So there are basically two sides that drives the story: 1. the decision that the main character must make. 2. To test to see if the main character TRULLY has made his time in rehab worthwhile and has changed.
Hmm...I feel like I probably gave out way too much info. on for the first post... =/ I think I'm gonna stop giving more info. now and see what you all think about it. =) (advice on how to make story work?)
I feel awkward being the first to reply because I don't really write dramas but I have a few thoughts.
1. I'm pretty sure drug rehab wouldn't be long enough for the girl to go into her third trimester so he probably wouldn't return late into the pregnancy. It usually last from 6-12 weeks.
2. If a rich, racist mother sees that her teenage daughter pregnant by a person not of her race, she would immediately terminate the pregnancy.
3. If he starts to use again, he you can't end the movie unless it's with his death.
So the solution would probably be to show the boy coming out of rehab, and adjusting to life outside of rehab, maybe getting a job to support his pregnant girlfriend. When he goes to the girl's house, the mother has a talk with him and speaks about how ashamed she is of her daughter and how she wants her daughter to get an abortion before she begins to show. he tells her off and says he's going to change and will prove her wrong and the girl ends up living with him in a crappy apartment for most of the pregnancy. When she finally gets into her third trimester she feels as though the relationship is going nicely and he has completely changed. After this he goes to the store and when he exits he sees a couple of his friends who he use to hang out with before rehab.

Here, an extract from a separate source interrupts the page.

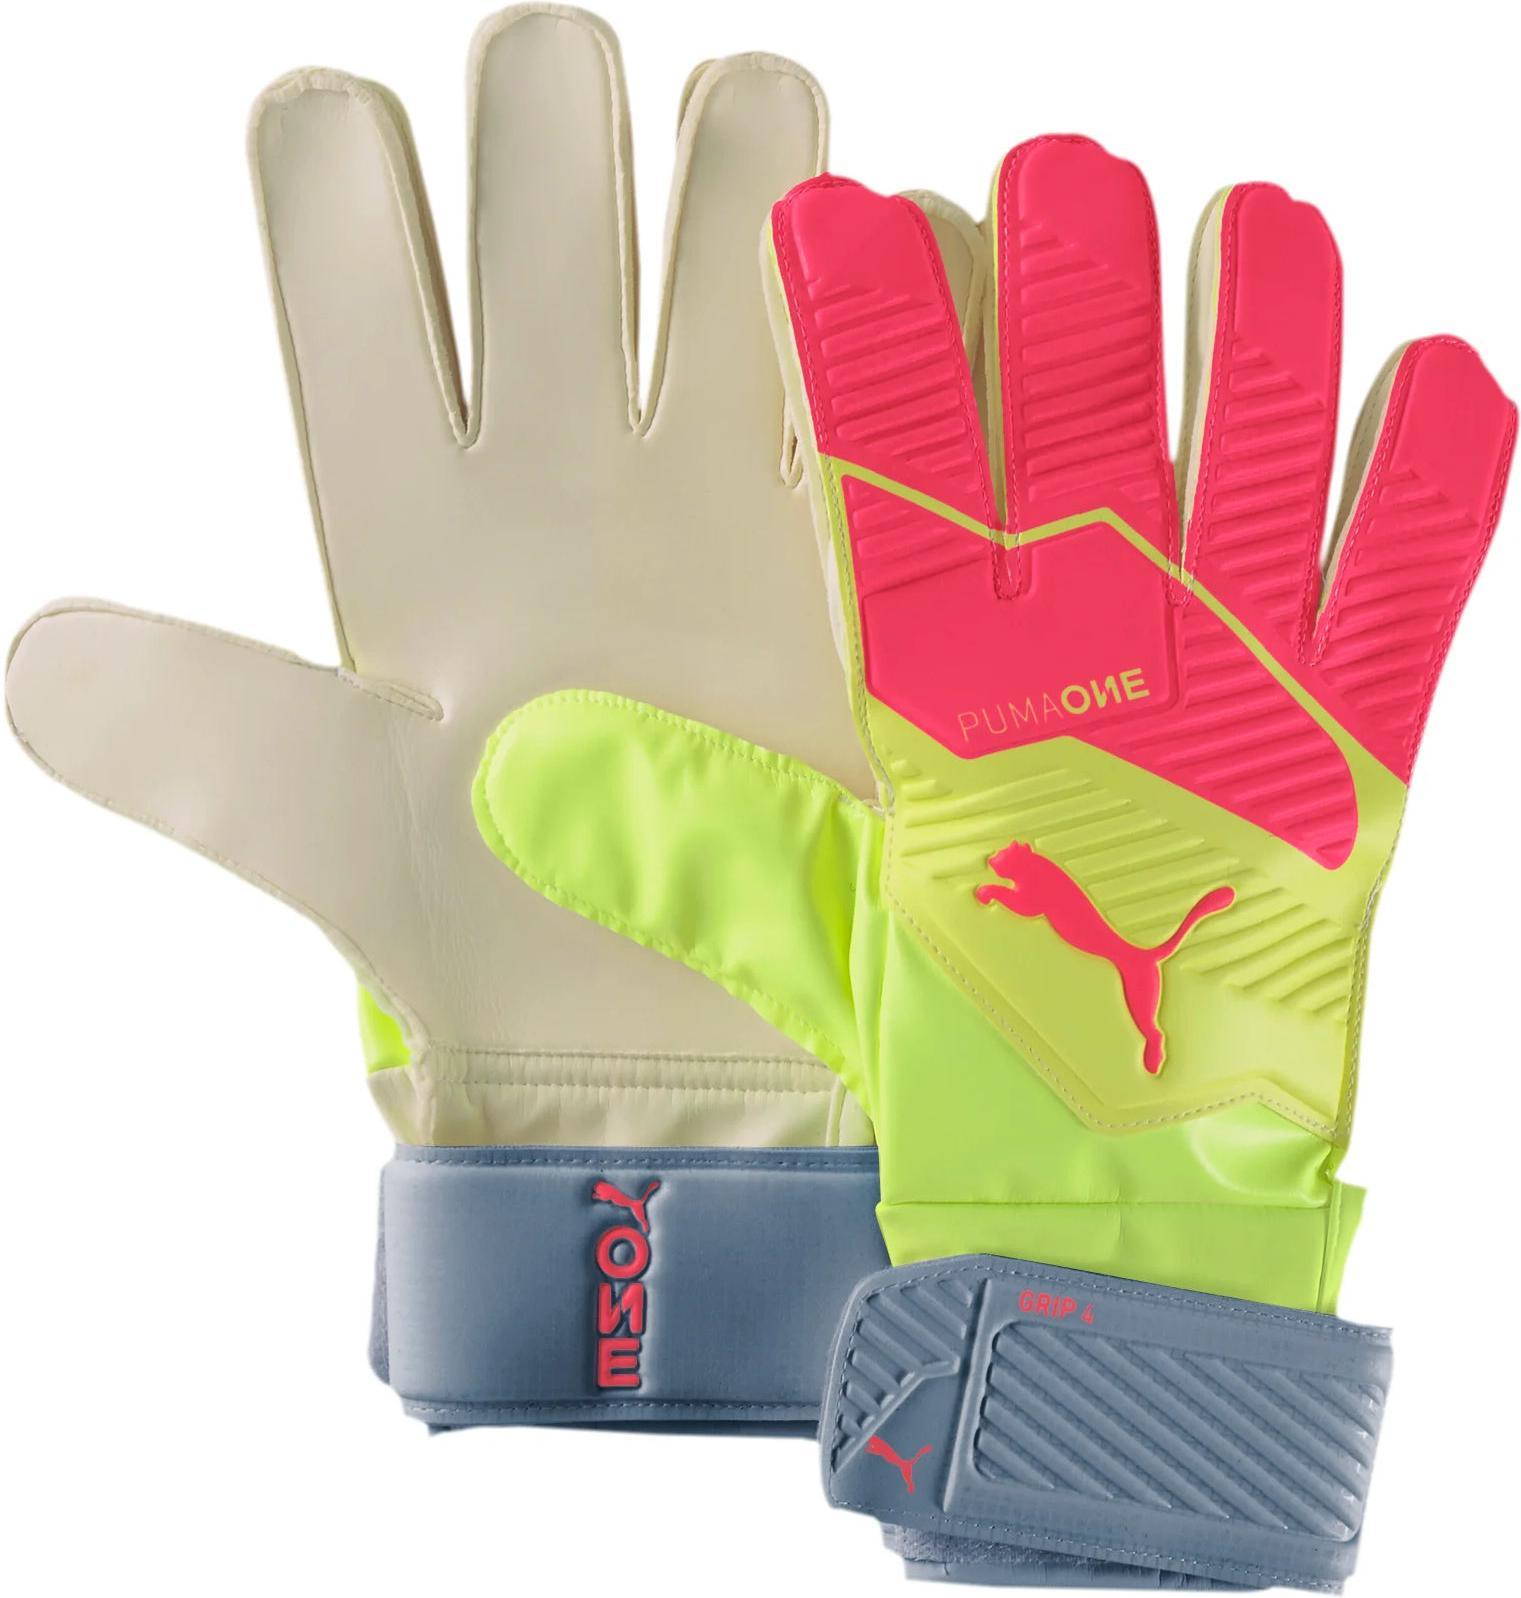 Goalkeeper's gloves Puma One Grip 4 RC

He gets involved with them, hanging out and what not, but hasn't done any drugs yet. The girlfriend finds a joint in his pocket and confronts him saying that he hasn't changed, but he tells her that he was just holding it. She calls him a liar and moves out to go live with her mother again. He goes out to a party with his friends and they offer him some drugs. He is about to indulge but decides against it and runs to his girlfriend's house (kind of one of those really dramatic moments, maybe he's running through the rain). Her mom answers the door and says she's not home and belittles him but he responds with a snide remark like "That's BS" and yells for the girl. The girl comes down the steps to be with him and her water breaks. The mom calls the ambulance but the girl has to have the baby in the house. When the medics arrive and she is in labor he confesses his love to her, and the film ends with everybody gathered around a newborn crying baby.
Wow, that feels like way too much advice. Hopefully it helps though.
Posts: 57 | Location: Maryland | Registered: April 12, 2007
Thanks for fast reply! (I didn't expect any replies for a while..) Ok, so for point one, I actually did a bit of research and it actually IS possible for drug rehabs to go for 9 months to a year (http://www.wisegeek.com/how-long-does-drug-rehab-take.htm)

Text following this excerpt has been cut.